Share

Part 11

Bulan malam itu begitu terang. Menampilkan cahaya yang indah. Dengan sesekali semilir angin menyentuh dirinya. Daninda duduk sendirian di balkon rumah orang tuanya termangu menikmati suasana malam yang sunyi. Hanya terdengar suara jangkrik yang menemaninya.

Daniel mengirimkan pesan.

 

"Sedang apa?"  

 

Kini Daniel lebih intens mengirim pesan atau menelepon. Sejak Daninda datang ke rumahnya. Daninda bingung harus menjawab apa. Ia mengetik lalu di hapusnya berulang kali. Tanpa di duga ponselnya berdering. Nama yang tertera di layar datar itu 'Daniel'.  

 

"Ya?" jawab Daninda ragu.

 

"Pesanku tidak di jawab?" tanya Daniel. 

 

"Oh, aku.. Aku lagi santai aja." Entah kenapa dirinya menjadi gugup. 

 

"Oh, sama. Apa Rania sudah tidur?"

  

"Ya," jawab Daninda.

 

"Ninda," panggilnya dengan lembut.

 

"Ya?" 

 

"Ada salam,"

 

"Dari?" Entah kenapa ia merasa gugup terlebih mendengar suara berat Daniel.

 

"Mango."

 

Daninda tertawa, "salam kembali." Pria itu berhasil mencairkan suasana yang kikuk.

 

"Dia bilang kenapa Daninda tidak menyukainya? Hatinya terluka." Suara Daniel dibuat sedih.  

 

"Bilang sama Mango, aku minta maaf. Bukannya aku nggak suka tapi aku takut. Mungkin.. Ya mungkin nanti nggak," agak ragu mengucapkannya. 

 

"Kamu harus mengenal Mango dulu. Aku jamin rasa takutmu itu akan hilang." 

 

"Ya, aku cuma butuh waktu aja." Daninda menjawabnya sambil berjalan menuju kamar. Ia naik ke ranjang dan mengusap kepala Fahrania sudah terlelap. "Sekarang Mango ada di mana?"

 

"Tidur, di sampingku. Dia bercerita banyak katanya dia senang waktu kamu datang ke rumah. Dan dia tidak merasa kesepian lagi." Daniel bercerita.

 

Daninda terkekeh pelan, "yang kesepian kamu kali.
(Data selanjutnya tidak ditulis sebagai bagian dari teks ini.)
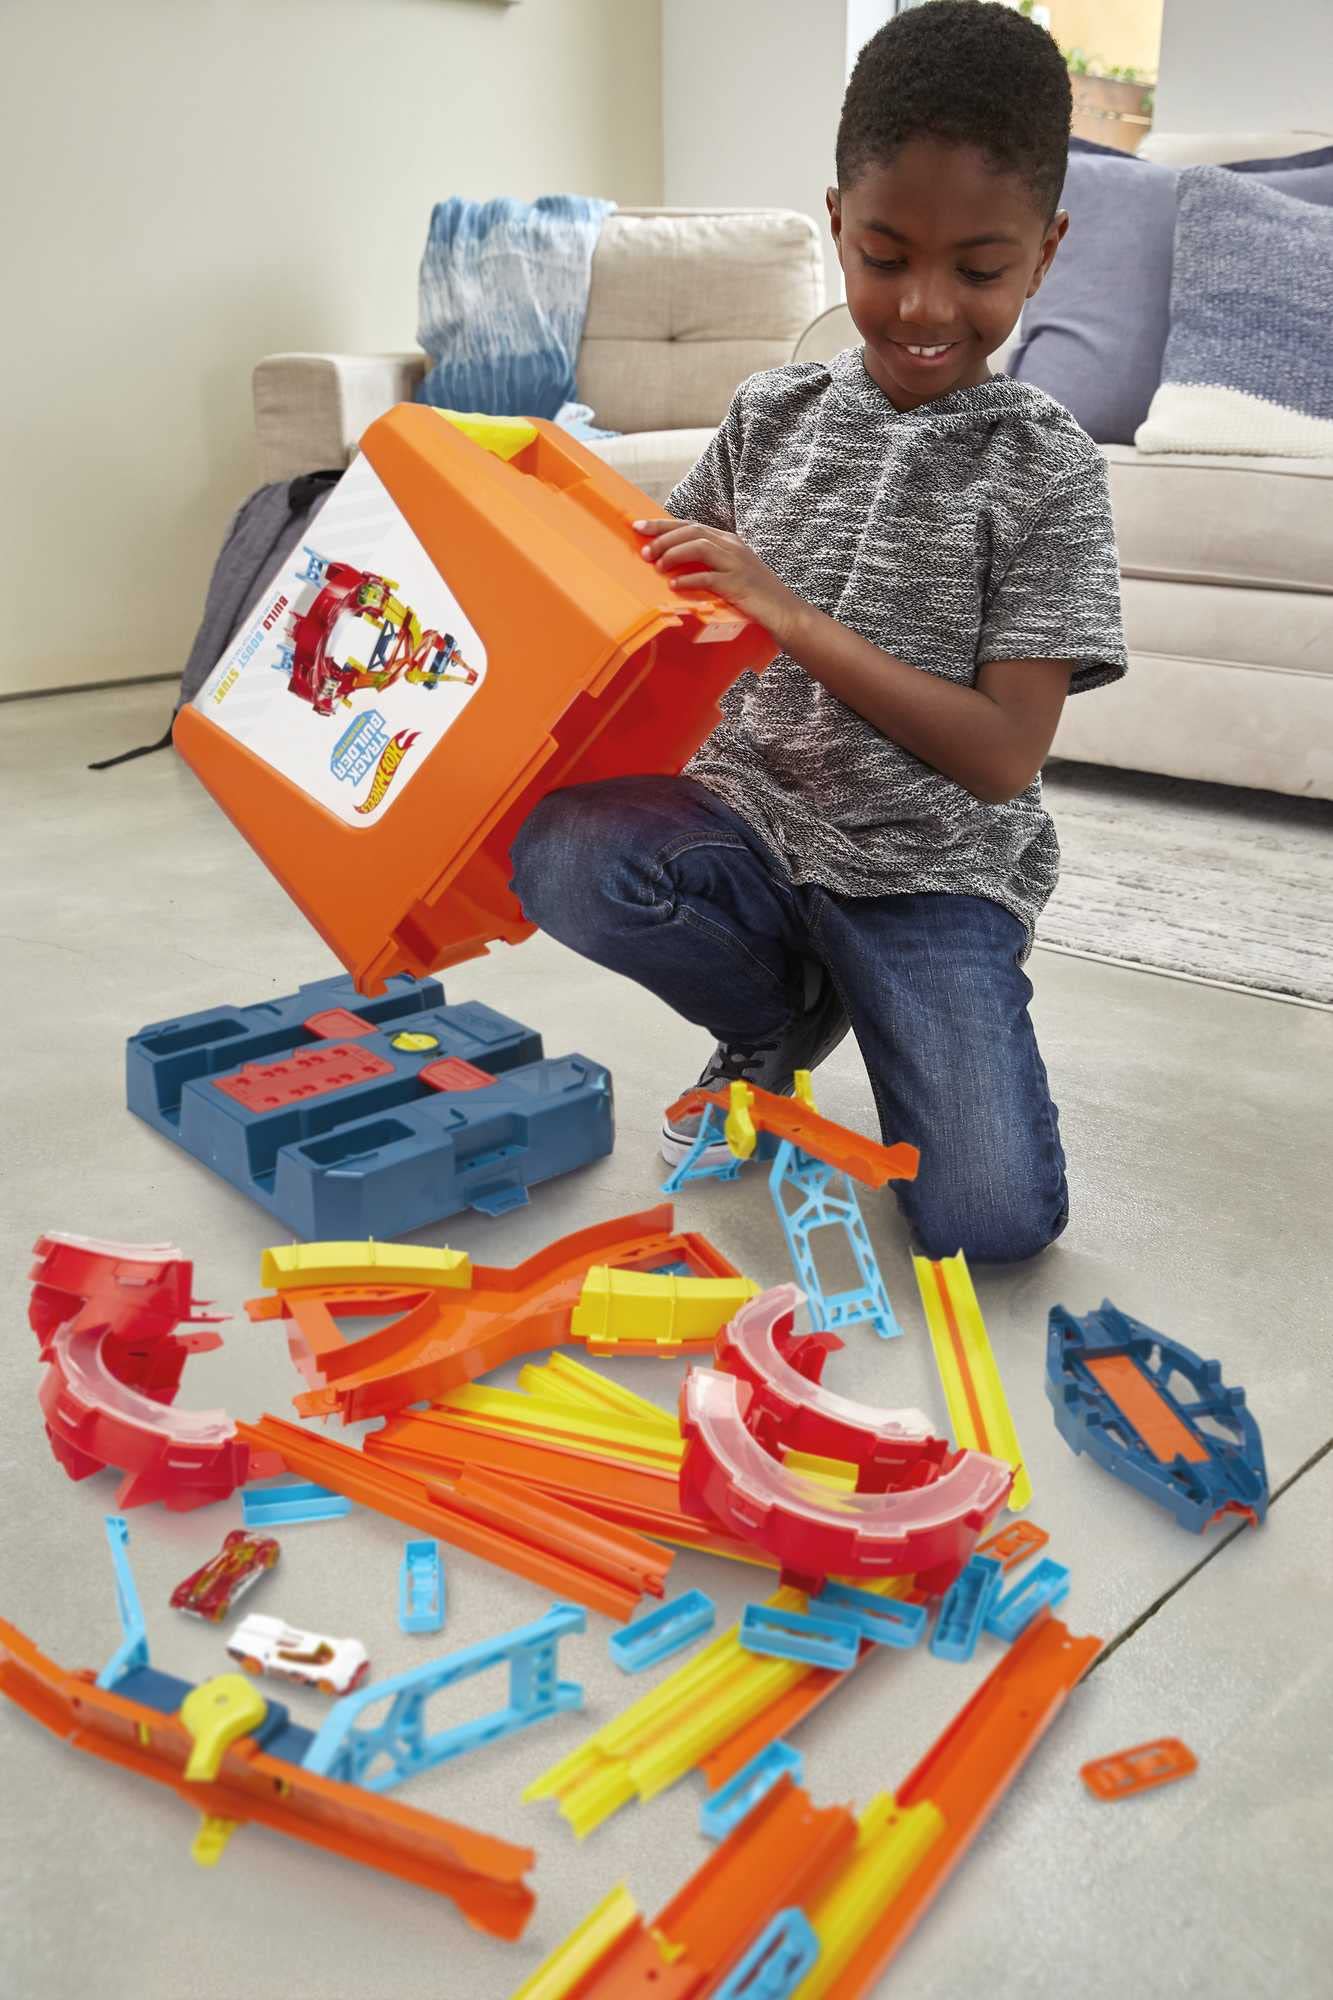 Hot Wheels Track Builder Unlimited Power Boost Box Compatible id Four Plus Builds 20 feet of Track Gift idea for Kids 6, 7, 8, 9, 10 and Older

Maka dari itu cepat-cepat nikah."

 

"Sedang aku usahakan," jawab Daniel dalam.

 

"Semoga  berhasil!" ucap Daninda spontan dan memberi semangat dengan kaku.

 

Dan telepon itu berlanjut. Ada saja yang dibicarakan. Suara Daniel yang berat kadang membuat jantungnya berdebar kencang. Namun Daninda berusaha untuk mengabaikan sesuatu yang aneh pada dirinya.

 

***

 

"Mas, Daniel baik ya?" Deira sedang duduk di meja rias memakai cream malamnya. Kusuma duduk di ranjang. 

 

"Kamu kenal di mana sih sama dia?" Kusuma ingin tahu.

 

"Aku dikenalin sama Daninda." Deira belum berani cerita mengenai Daniel yang ada hubungannya dengan Pricilla. "Menurut kamu mereka cocok nggak?" 

 

"Siapa?"  

 

"Daniel sama Daninda." Ia melihat ekspresi suaminya dari cermin. 

 

"Umur dia berapa?" Kusuma mulai interogasi.  

 

"Tiga puluh sembilan, kalau nggak salah Daninda pernah cerita."  

 

"Bedanya lumayan jauh dong?" timpal Deira. 

 

"Duh, kalau umurnya segitu, terus tampangnya kayak Daniel. Aku juga mau kali. Daniel nggak ke ciri umurnya udah rawan buat nikah." Deira lagi-lagi keceplosan.  

 

"Oh, begitu ya?! Kelewat rawan kali!!" ucap Kusuma tertahan, matanya melotot. Tiga puluh sembitahun belum menikah. Itu sudah melewati ambang batas untuk menikah.

 

"Ih, Mas cemburu deh. Kan itu cuma kiasan aja. Daniel udah ganteng dan kaya. Apa yang kurang coba? Nggak mungkin kan cewek nggak ada yang suka sama dia?" pikir Deira.

 

"Daniel gay kali," seru Kusuma. Mata istrinya terbelalak. Tubuhnya memutar lalu menatap tajam pada Kusuma. 

 

"Hush! Kalau ngomong sembarangan. Aku bisa jamin, Daniel nggak begitu!!" Deira membela Daniel.  

 

"Aku kurang setuju Ninda sama Daniel, De."

 

"Kenapa? Apa kamu masih berharap Ninda sama Damar balikkan?" tanyanya ketus. Kusuma terdiam. "Setelah pengkhianatan yang dia lakuin? Ninda bukan cewek bodoh yang akan jatuh dilubang yang sama. Kamu tau, Ninda jadi trauma untuk mulai hubungan lagi sama laki-laki. Itu gara-gara Damar!!"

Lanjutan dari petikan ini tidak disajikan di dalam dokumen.